### EXERCISE:
Until the last line is reached, keep transcribing the material exactly.

*** Opening INFORMATION SHOWN ***

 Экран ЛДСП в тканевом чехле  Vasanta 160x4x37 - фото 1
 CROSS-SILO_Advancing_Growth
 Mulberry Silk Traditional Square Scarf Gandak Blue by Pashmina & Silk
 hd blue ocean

*** Closing INFORMATION SHOWN ***

### TASK SOLUTION:
 Экран ЛДСП в тканевом чехле  Vasanta 160x4x37 - фото 1
 CROSS-SILO_Advancing_Growth
 Mulberry Silk Traditional Square Scarf Gandak Blue by Pashmina & Silk
 hd blue ocean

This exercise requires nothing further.